Мы начали читать его медицинскую карту. Здесь было все, что полагается: год рождения, пол, расовые признаки, особенности телосложения, темперамент, группа крови, наследственность, перенесенные болезни (как у всех людей этой профессии, их оказалось немало) и так далее. Все необходимое я занес в свою картотеку. Единственное, что меня несколько смутило, – его год рождения. Но я вспомнил, как, еще работая ассистентом, слышал, да и сам не раз замечал, что сотрудники Службы жертв-добровольцев выглядят, как правило, лет на десять старше, чем в действительности. Записав необходимое, я вновь повернулся к испытуемому, который уже начал ерзать в кресле:

– Ну и как теперь?

Он радостно засмеялся:

– Знаете, до того хорошо! Просто никогда мне так хорошо не было. А уж как я боялся…

Подействовало! Мы приготовились внимательно слушать. Но сердце у меня колотилось. А вдруг он ничего не скажет? Может быть, ему просто нечего скрывать. Или он заранее решил говорить только о пустяках. Как я смогу тогда убедить Риссена и, главное, себя самого?
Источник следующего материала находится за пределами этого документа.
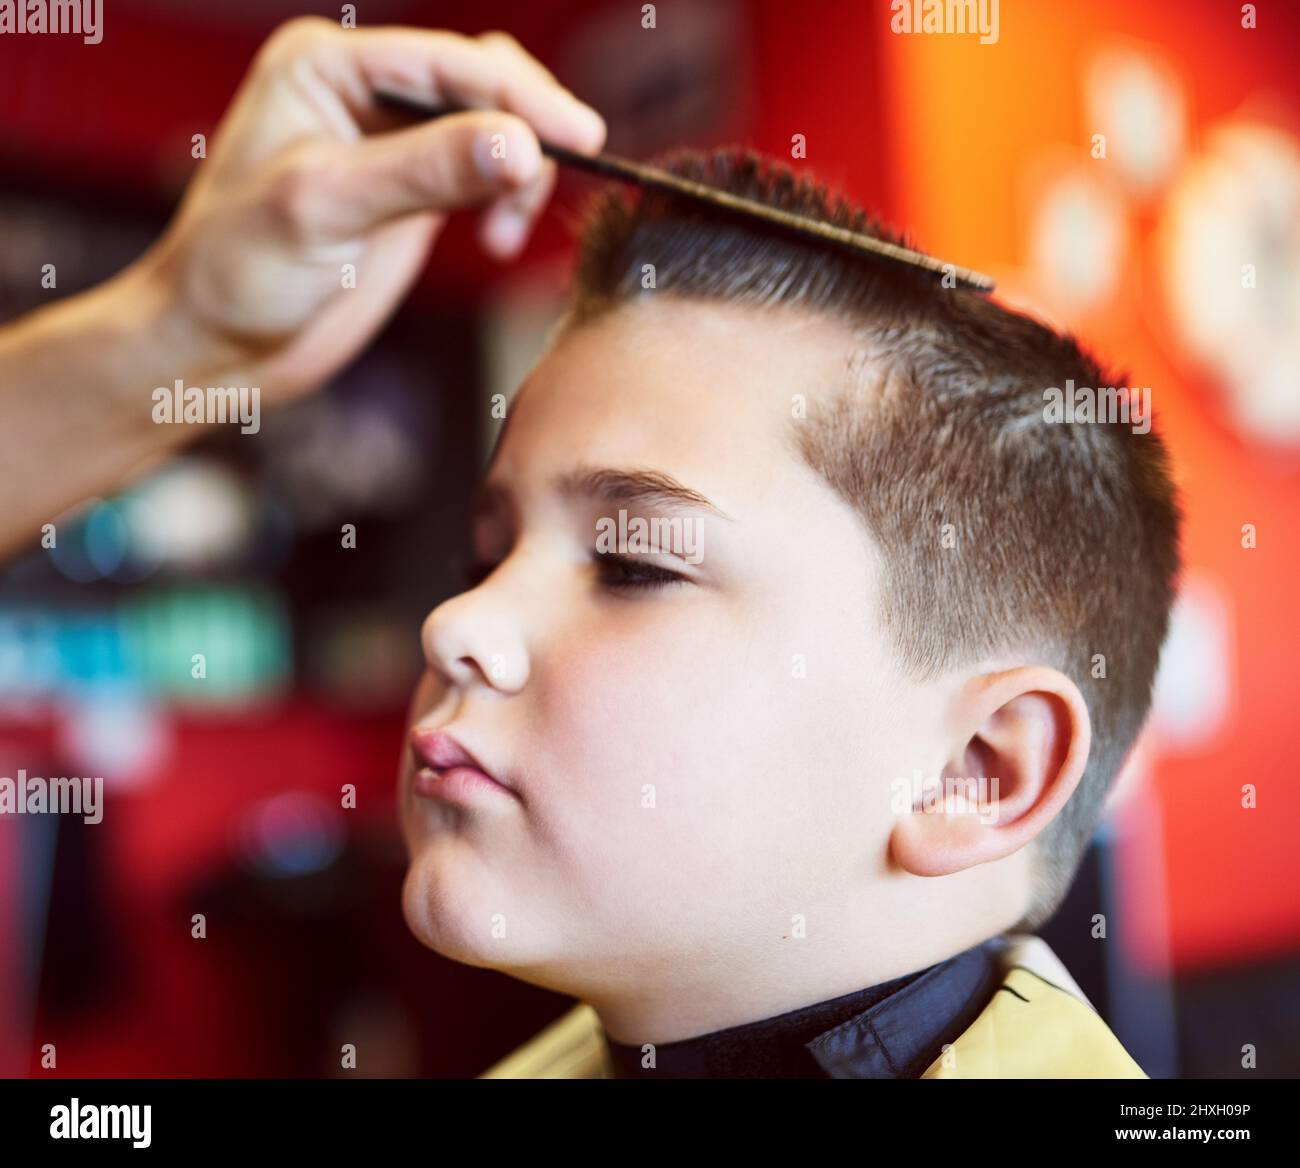 Looking good. Closeup shot of a young boy getting a haircut at a barber shop. Stock Photo

Теория остается теорией, пока она не проверена на практике. А что, если я вообще ошибся?

И тут вдруг случилось нечто совершенно неожиданное. Испытуемый, этот высокий, крупный мужчина, начал жалко всхлипывать. Он сполз вниз и, безвольно повиснув на подлокотниках кресла, стал с протяжным стоном раскачиваться взад и вперед. От стыда за него я буквально не знал, куда деваться. Но Риссен, нужно признать, вел себя великолепно. Не сомневаюсь, что он тоже испытывал неловкость, но ничем этого не выдал.

Так прошло несколько минут. Меня по-прежнему душил стыд, словно это я был виновником позорной сцены. Но откуда мне знать, что там за душой у этих жертв-добровольцев! Хотя фактически испытуемые занимали по отношению к нам подчиненное положение, ни я, ни кто-либо другой из нашей лаборатории не мог считаться их начальством – у них был свой центр, откуда их направляли в разные учреждения.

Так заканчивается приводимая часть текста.